### Data provided
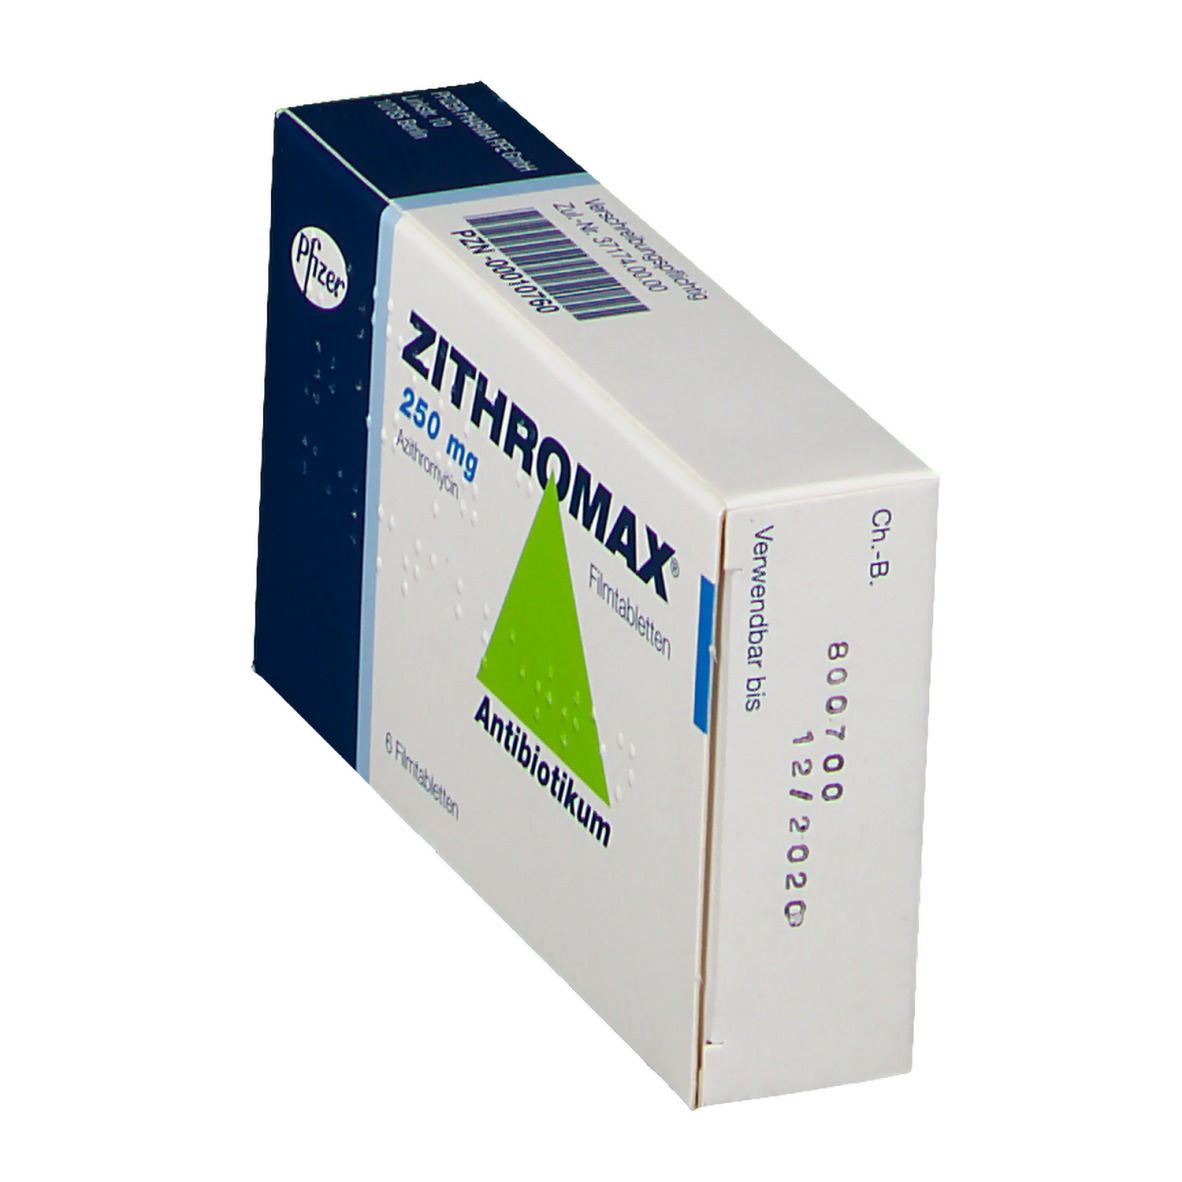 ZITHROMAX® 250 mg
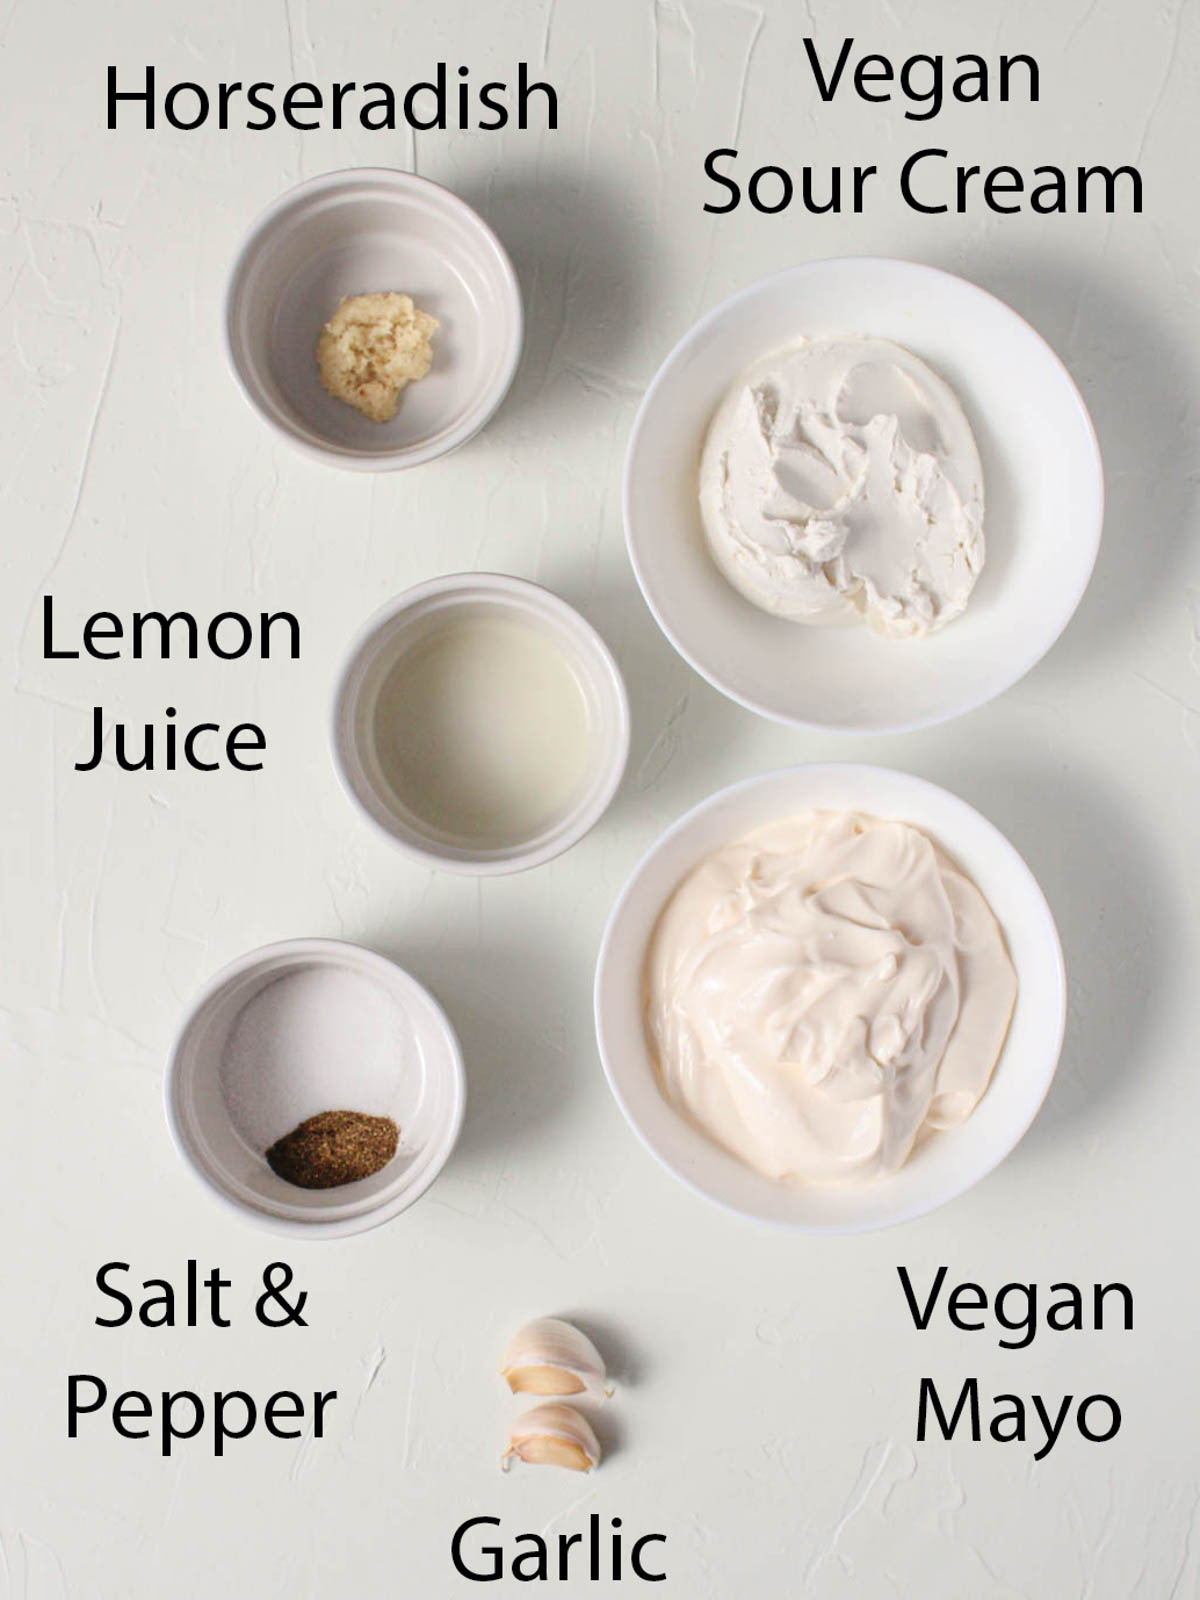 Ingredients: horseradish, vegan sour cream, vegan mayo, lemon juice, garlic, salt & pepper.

---

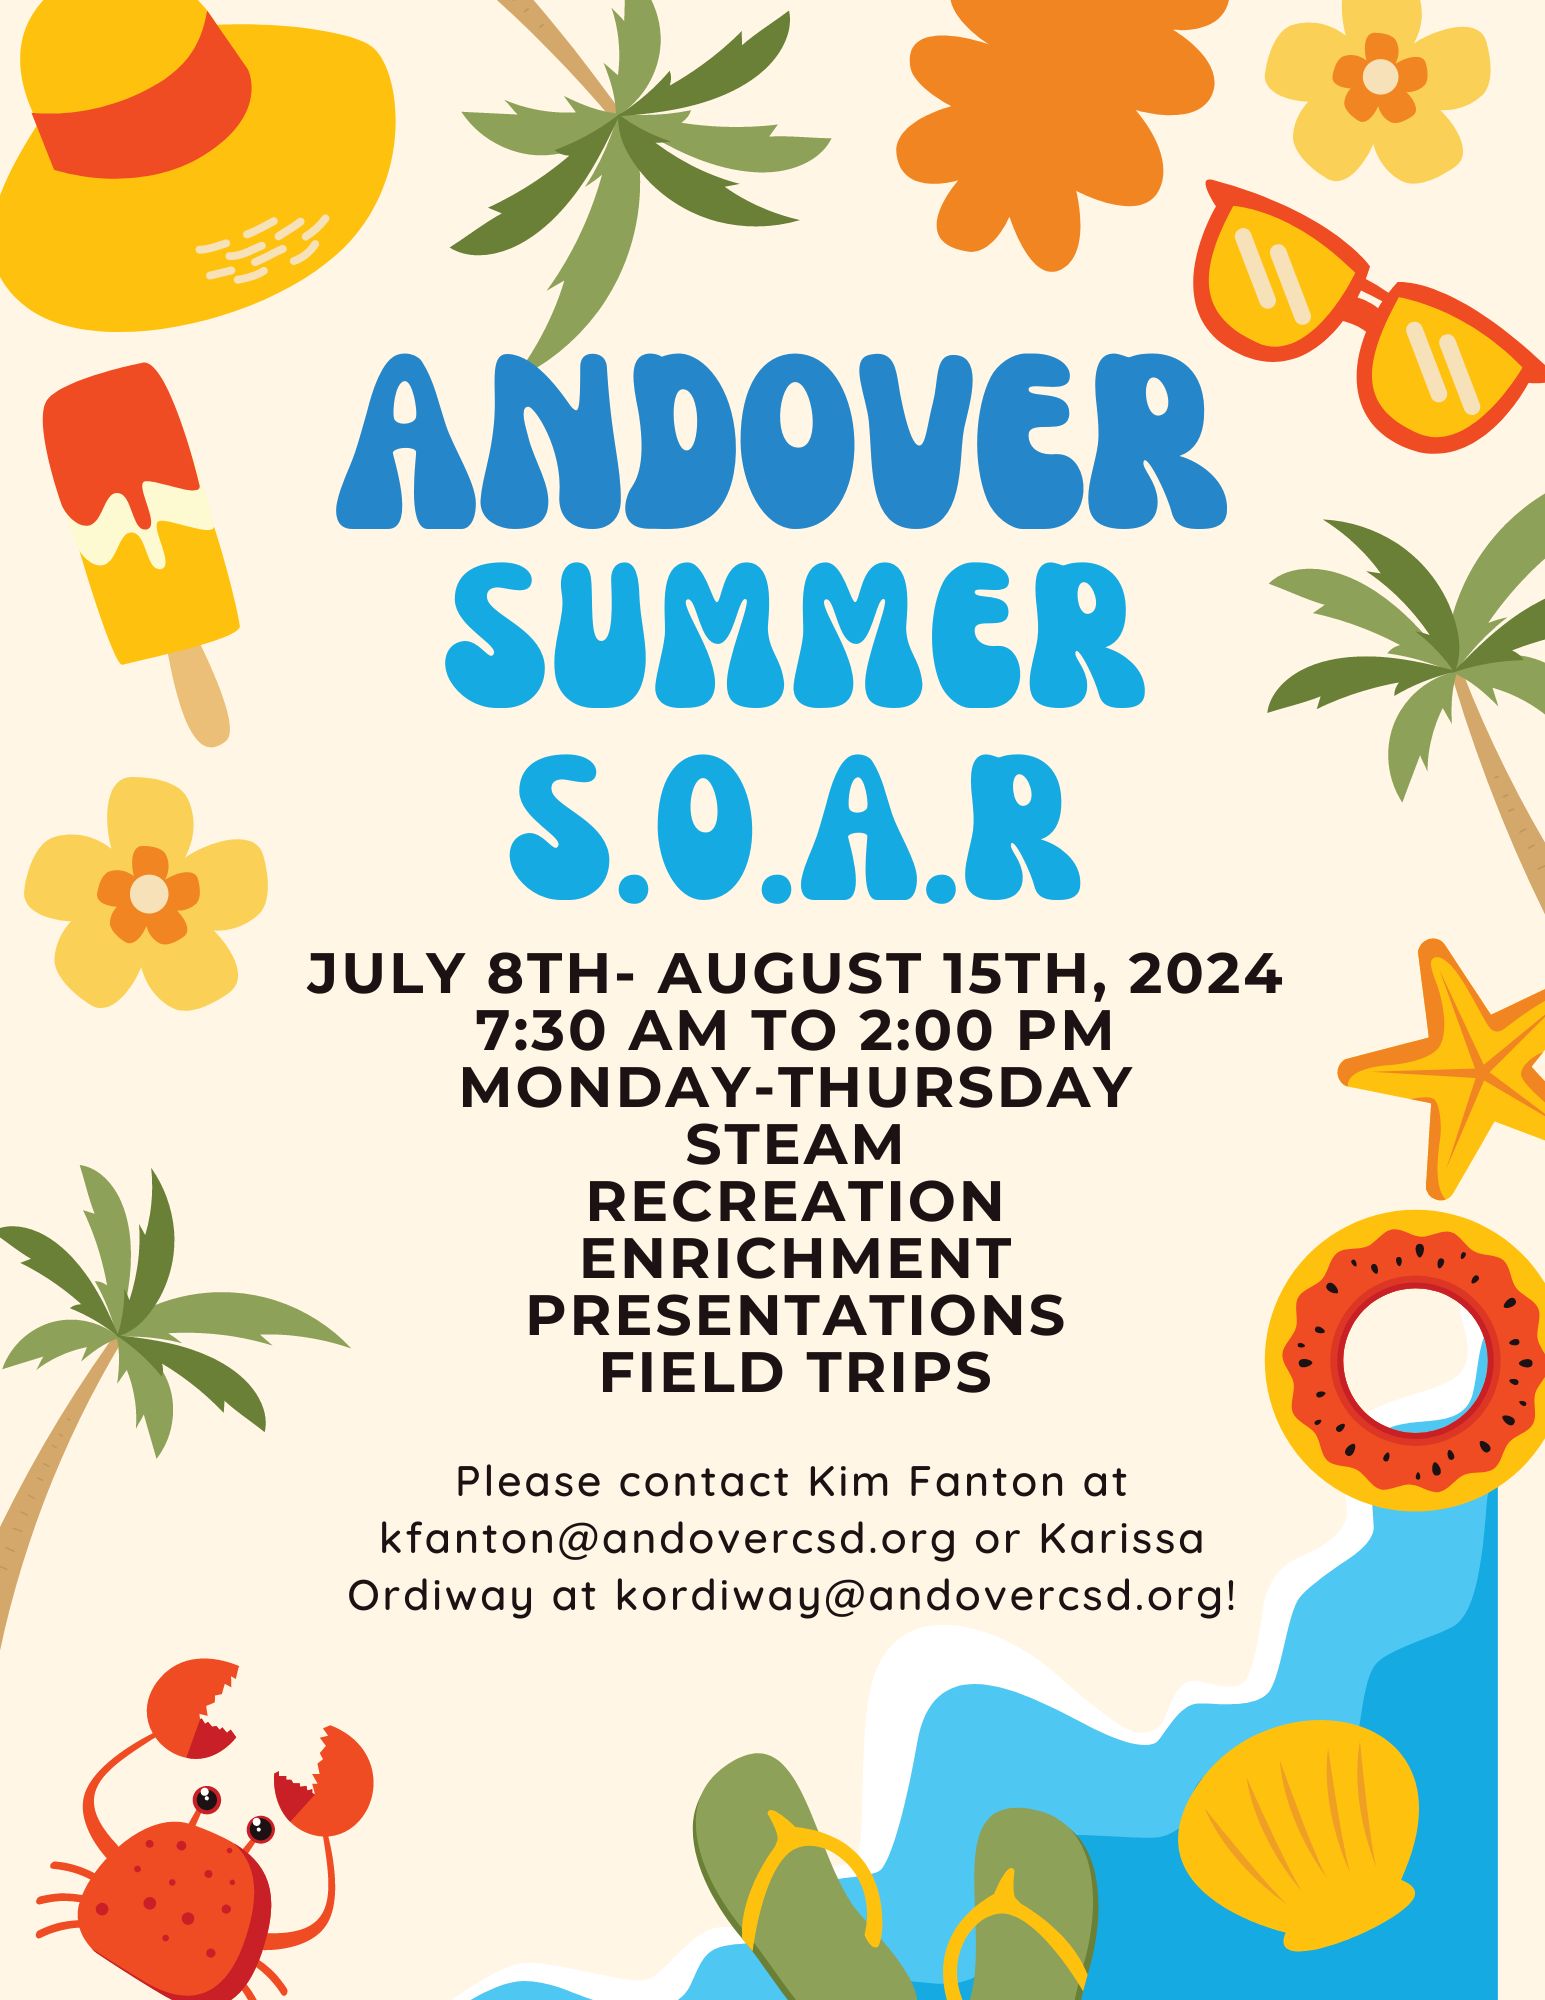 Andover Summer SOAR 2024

### Description of the task
Set the pictures aside and transcribe exactly the stretch of lines above, beginning with the one holding "ZITHROMAX® 250 mg" and ending with the one holding "Ingredients: horseradish, vegan".

### Output of the exercise
 ZITHROMAX® 250 mg
 Ingredients: horseradish, vegan sour cream, vegan mayo, lemon juice, garlic, salt & pepper.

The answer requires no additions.